FARMINGTON – Dust storms that tear across highways or fill Navajo communities with airborne particles may be more than inconvenient or dangerous, a new study found.

Sand dunes are growing fast and becoming more mobile as the climate changes, according to a report from the United States Geological Survey. More than one-third of the 27,000-square-mile Navajo Nation is covered by sand dunes and sand sheets.

An increasingly dry climate in the area means some of the sand dunes are migrating at a rate of 115 feet per year, the report states. Faster migration of active sand dunes and the reactivation of previously immobile dunes can threaten housing, roads and health of residents.

U.S. Geological Survey scientists are researching the dunes to better understand dune growth and movement, and to provide data to residents.

The study also will yield data on diminished vegetation cover and the increasingly arid environment, which threatens livestock, grazing, infrastructure and livelihoods on the reservation.
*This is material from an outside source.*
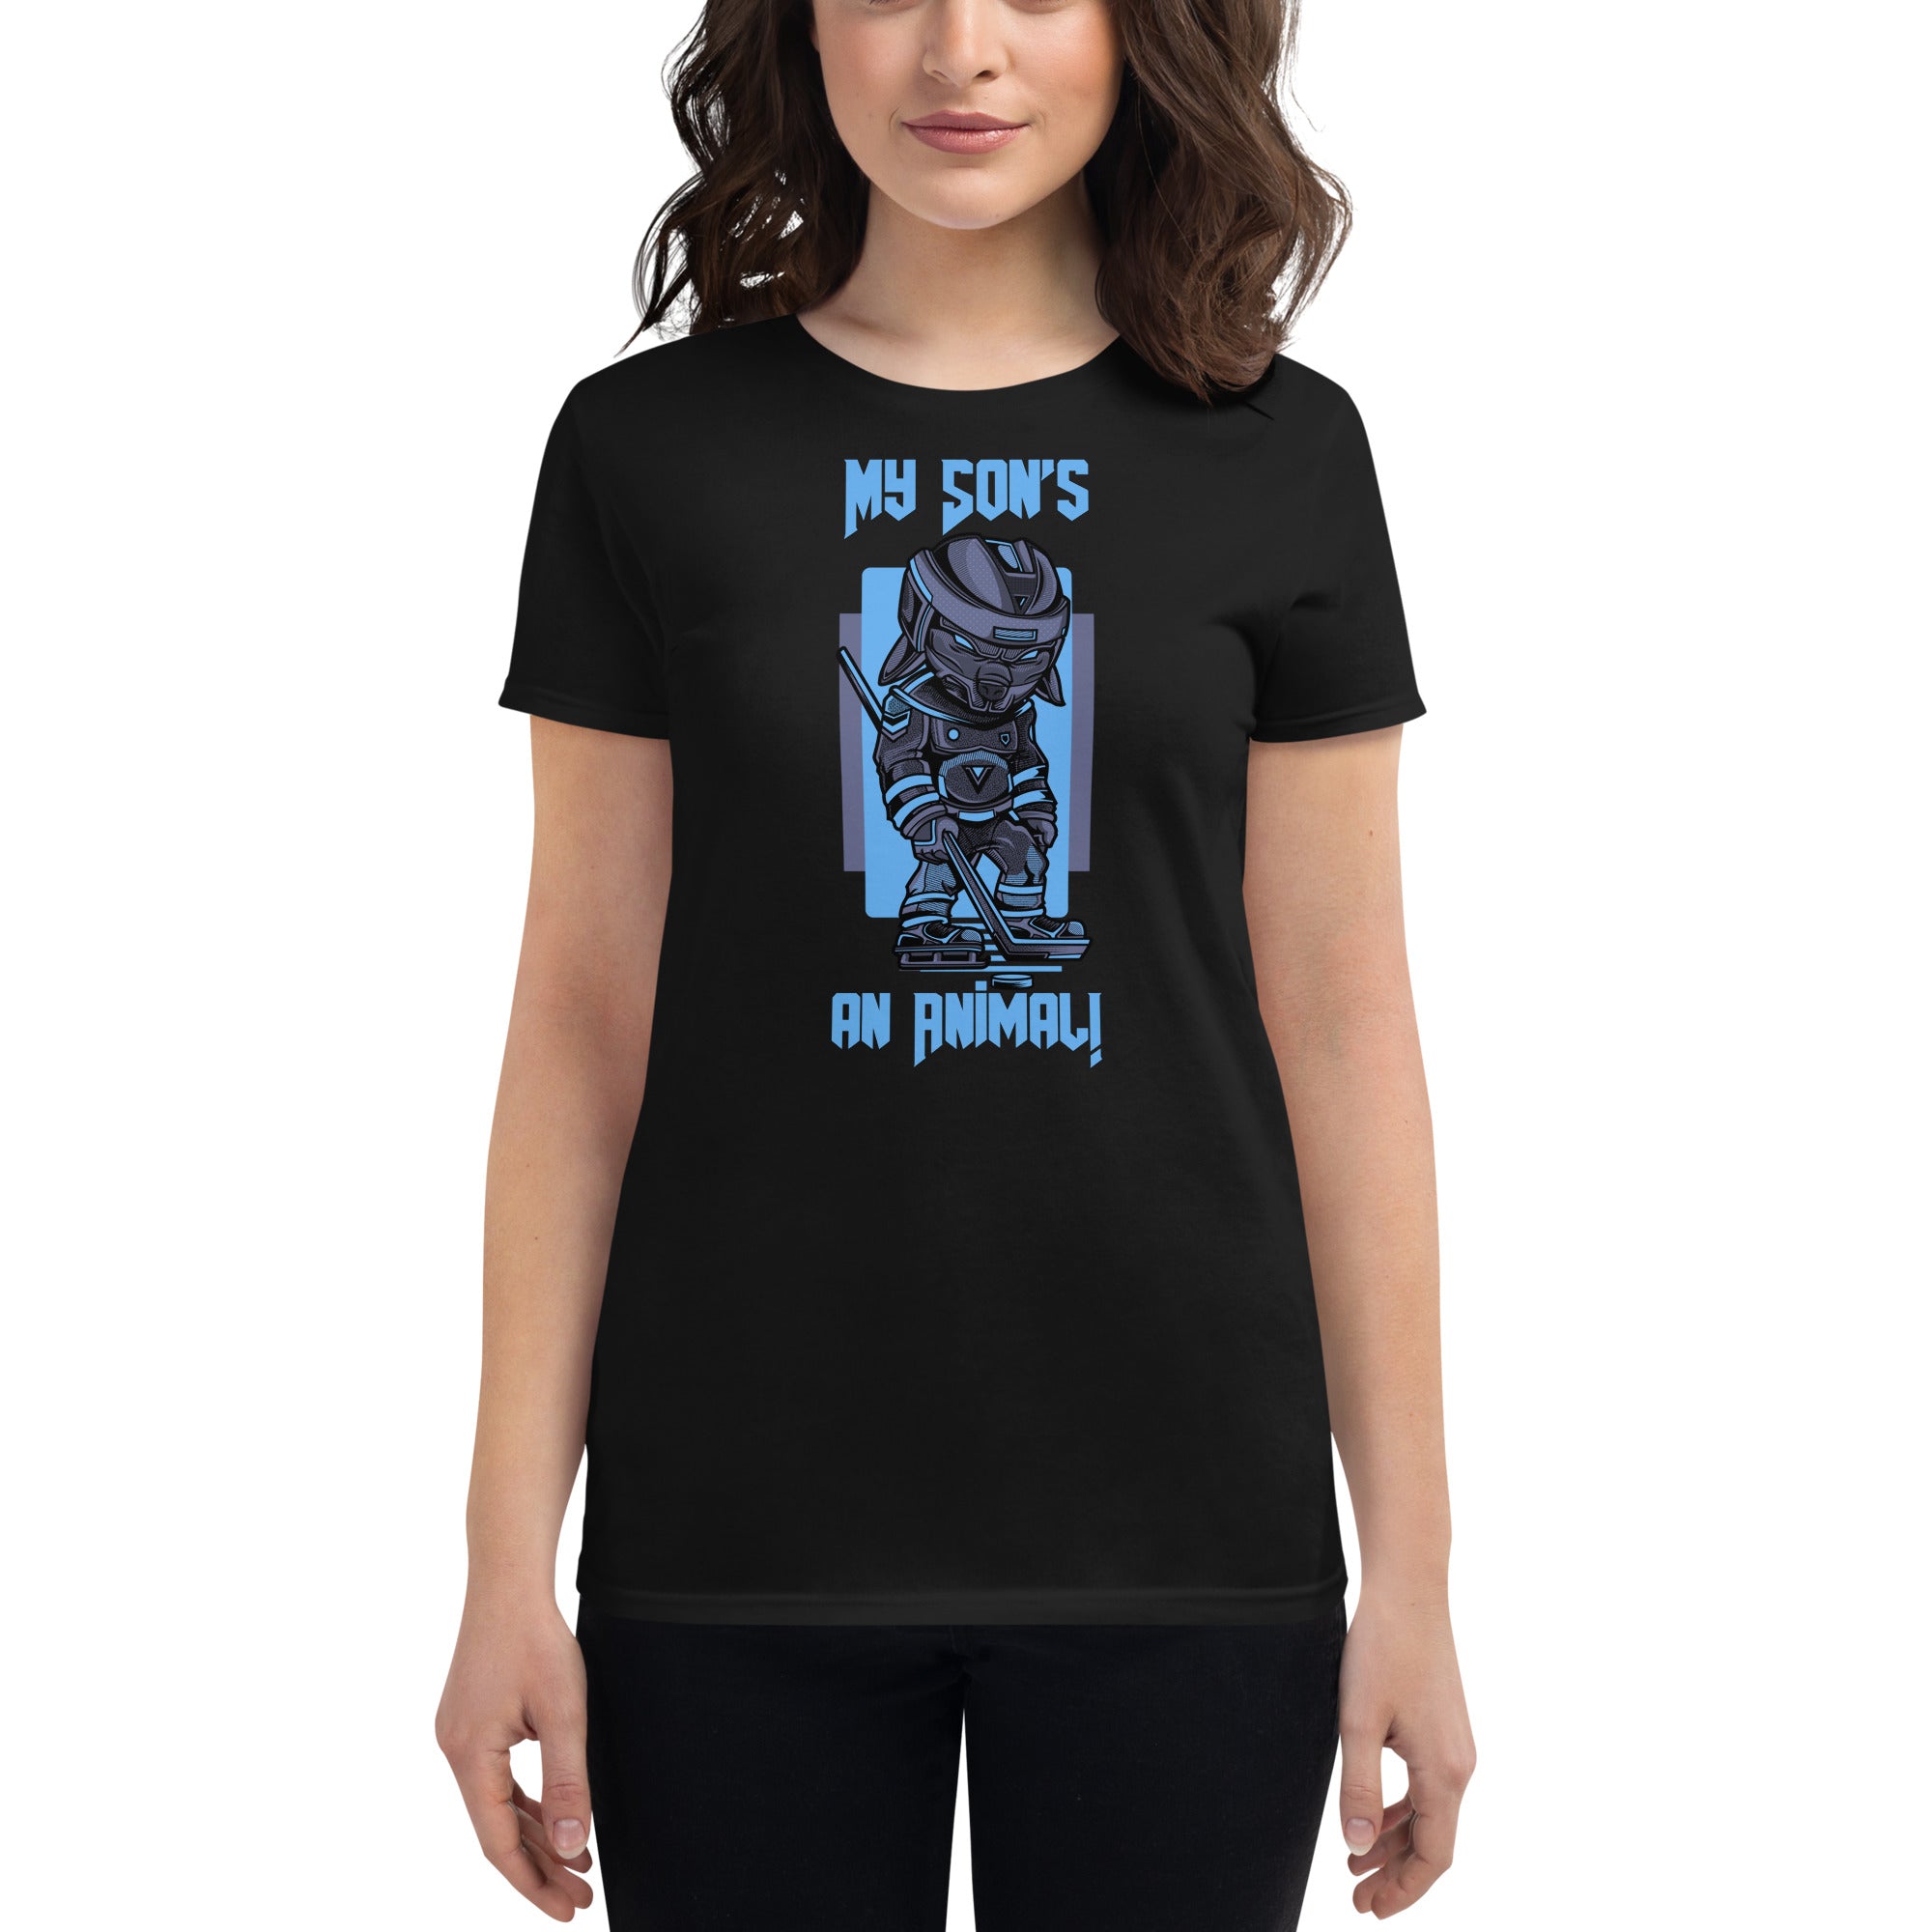 My Son's An Animal Women's Fitted T-Shirt

The areas that call for the most alarm are the lands near the Colorado Plateau, located near Flagstaff, Ariz., and surrounding the Hopi reservation.

But anyone who lives in the New Mexico portion of the reservation or who drives the U.S. 491 corridor during the spring knows the sand storms and dune movement also occur in the northern and eastern parts of the Navajo Nation.

Wind data for the Navajo Nation is recorded primarily at airports, said Sam McCown, a meteorologist for the National Climatic Data Center.

Stations with available data are the Four Corners Regional Airport in Farmington, Gallup Municipal Airport and the air strip in Window Rock, Ariz.

Similar wind speeds are reported in the Arizona and New Mexico portions of the reservation, according to National Climatic Data information. Average speeds across the two states are 7 or 8 mph, with highest wind speeds reported in March, April and May, at between 9 and 10 mph.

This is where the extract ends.